According to court documents, Genzyme sales representatives encouraged doctors to use the product in a manner not approved by the U.S. Food and Drug Administration, leading to improper claims for reimbursement from hospitals.

The details were:

 According to court documents, Seprafilm is intended to be applied during open surgery to prevent organs and muscle tissue from sticking together.
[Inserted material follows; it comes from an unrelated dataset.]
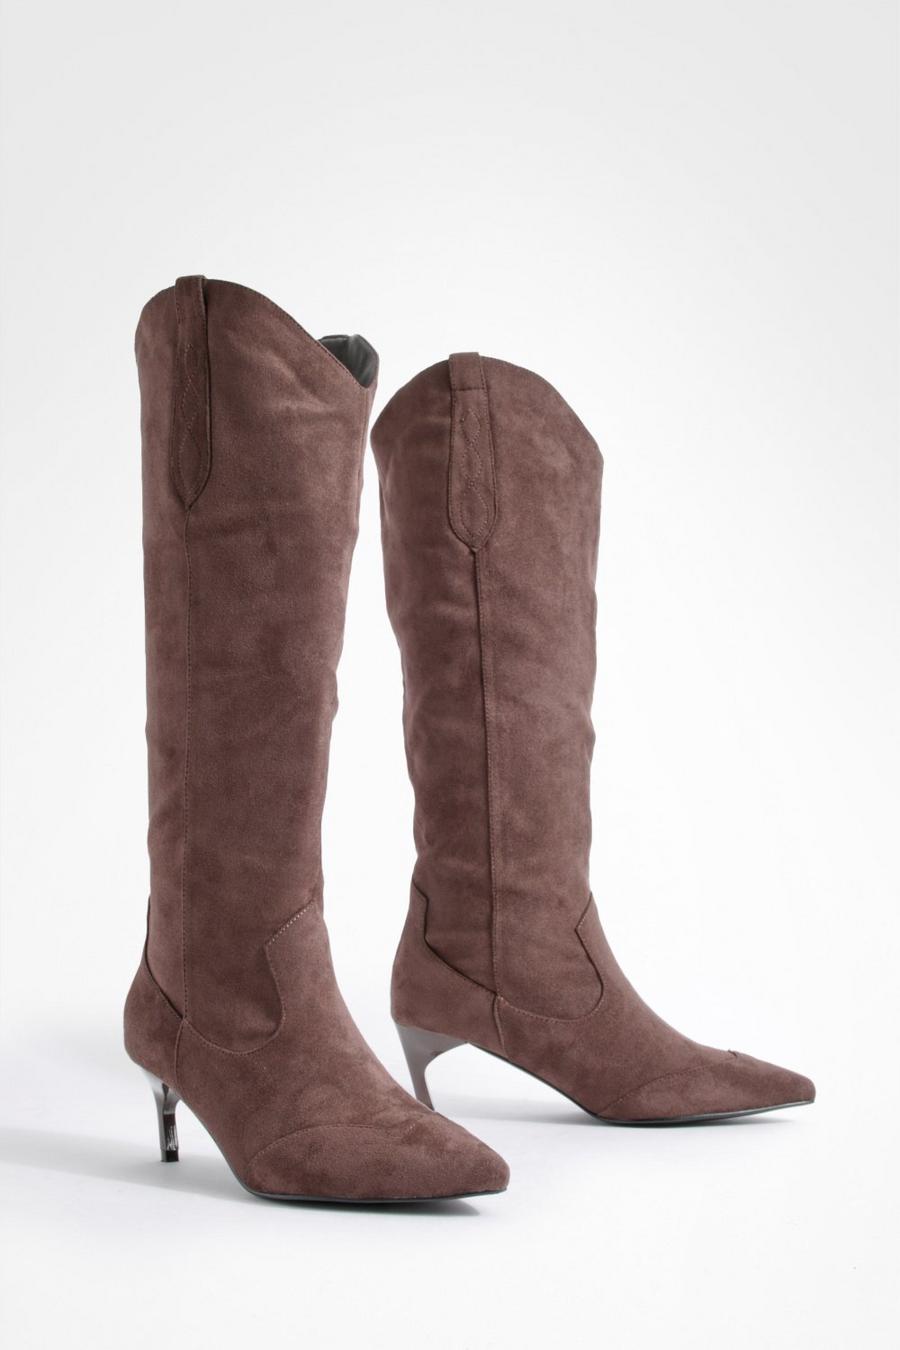 Chocolate marrón Western Detail Low Knee High Boots

However, the whistle-blowers and lawyers for the federal government alleged that Genzyme sales representatives taught doctors to use it in less invasive procedures — such as laparoscopic or 'keyhole' surgeries — by mixing it into a liquidlike 'slurry' that could be injected into the body.

Apparently the sales representative who blew the whistle in this case "recognized that this was a potential danger."  It certainly seems possible that the unapproved use of this material modified to be injected within the body might have resulted in harm to patients, and that at least its harmfulness when used in this manner had had never been tested.  However, in this litigation as supported by the US Department of Justice the plaintiffs were "not required to prove ... that patients had been harmed."
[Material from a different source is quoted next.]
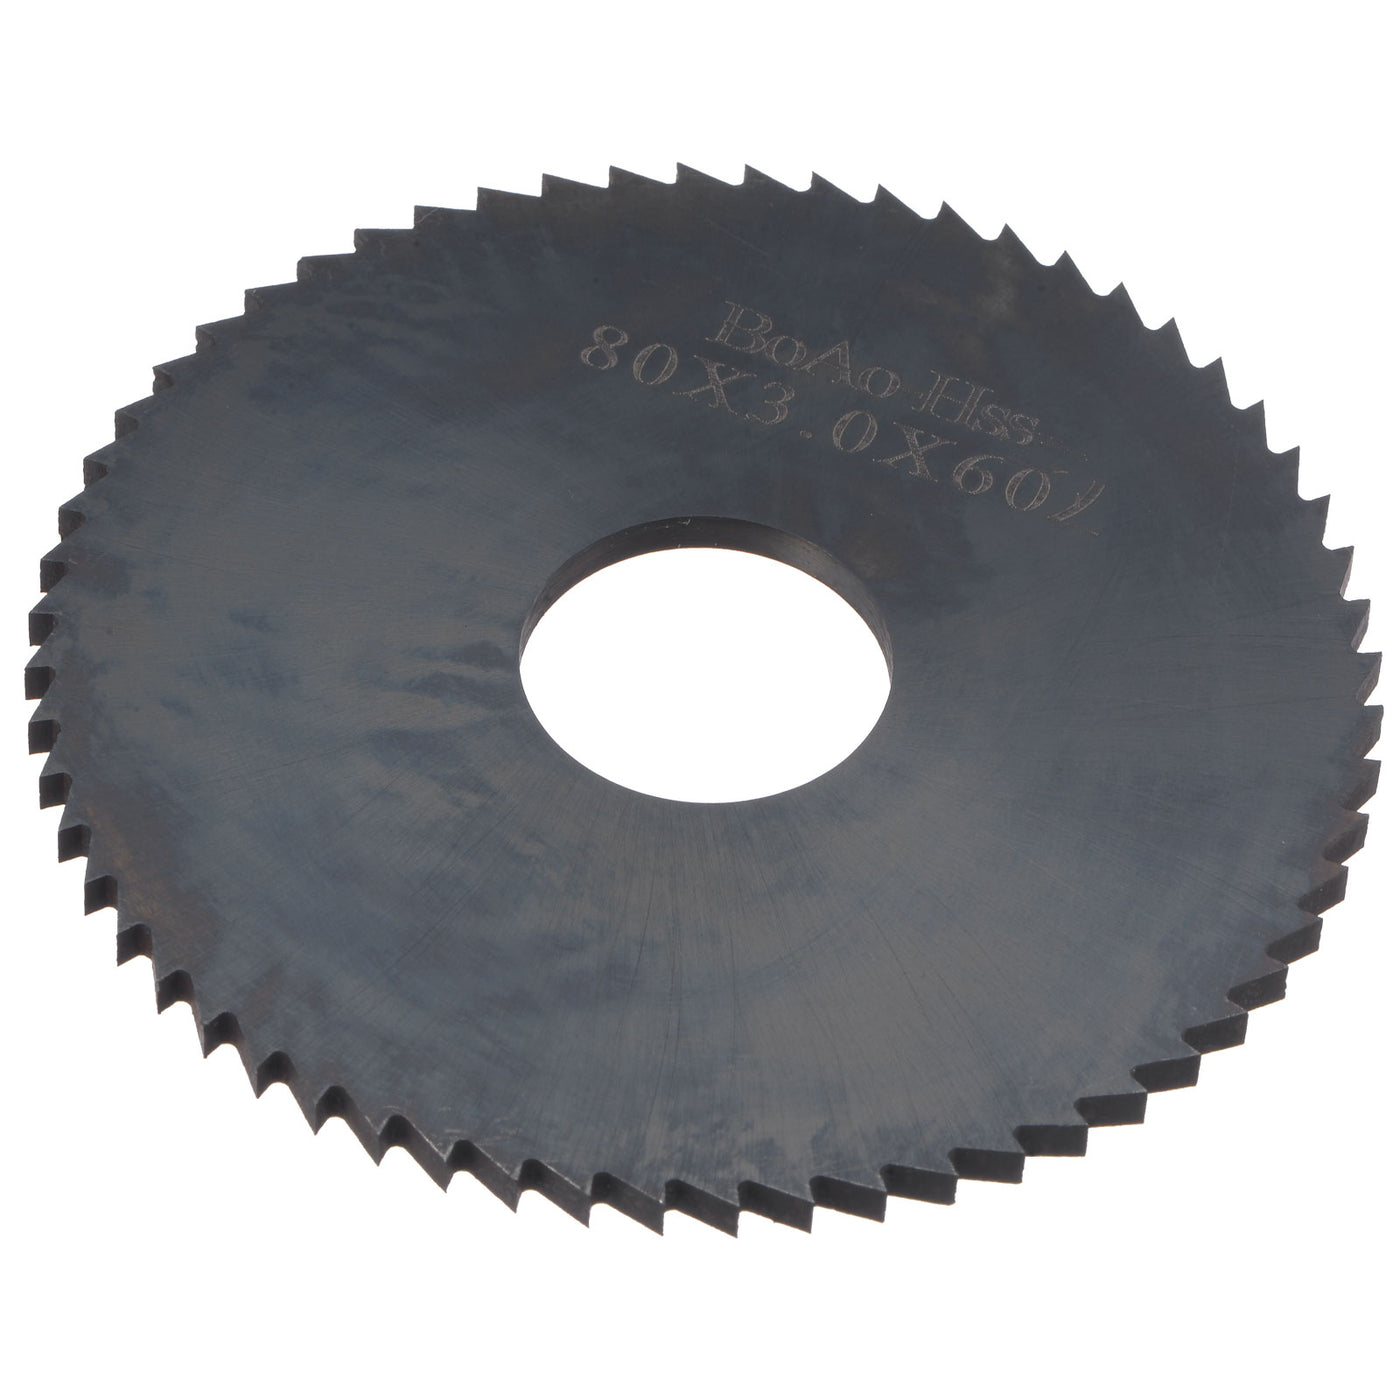 Uxcell Uxcell 80mm Dia 22mm Arbor 3mm Thick 60 Tooth Nitriding Circular Saw Blade Cutter

Note that unlike the civil case above, and as is typical of federal lawsuits against big health care organizations, those company employees who authorized or directed the questionable actions did not suffer any negative consequences.

(Added on 19 January, 2013) - Further note that as the article implied, but did not emphasize, since 2011, Genzyme has been owned by Sanofi.  Sanofi's last three major settlements since 2007 were summarized here

Merck Fined 15.3 Million Euros for Smear Campaign Against Generic Competition

This case was reported by Ed Silverman on PharmaLot, and briefly by Reuters,

The French competition authority said on Thursday it had fined Schering-Plough, now owned by Merck, 15.3 million euros ($21 million) over what it called a smear campaign against generic competition to Subutex, its drug for opioid addiction.

It also handed out a fine of 414,000 euros to parent Merck and another of 318,000 euros to British supplier Reckitt Benckiser for anti-competitive behaviour in staging the campaign in late 2005.


Note that while this case did not involve any implications of physical harm to patients, it seemed to involve active deception.

Summary

First, as we have said for years, legal actions like those listed above may or may not result in huge financial penalties, and rarely result in penalties for individuals who authorized, directed or implemented the actions in question, but do serve as markers of the extent of misbehavior by large health care organizations.  Such misbehavior may have adverse consequences for patients and for public health and the health care system.

Second, also as we have said for years, such actions mark the problem, but are unlikely to deter future problems.  In fact, many large health care organizations have settled strings of cases since we started trying to keep track of them (and may not have done so completely).  For example, the Genzyme, hence Sanofi settlement this year is at least the fourth major settlement by this company since 2007. 

Settlements resulting in fines imposed on a company as a whole are diffused, paid by stockholders, employees, and patients, and hence are likely to be regarded as a cost of doing business by top  management.  Managers, however, often are given huge financial incentives for all actions that increase short term revenue.  So managers are likely to continue to enable or direct bad behavior as long as it can bring in lots of revenue at no personal risk.

Third, while there has been a modest increase in discussion of ill-informed, mission-hostile, self-interested, conflicted, or even criminal or corrupt management since we started Health Care Renewal, the increasing plight of journalism seems to be making these issues more anechoic.  The shutdown of PharmaLot and the silencing of its archives is another reminder of how public relations and marketing are now overwhelming disinterested reporting (see this report by Pro Publica).

If we really want to reverse the downward spiral of our ever more expensive, less accessible, and lower quality health care system, we first have to preserve our ability to identify and loudly discuss its problems.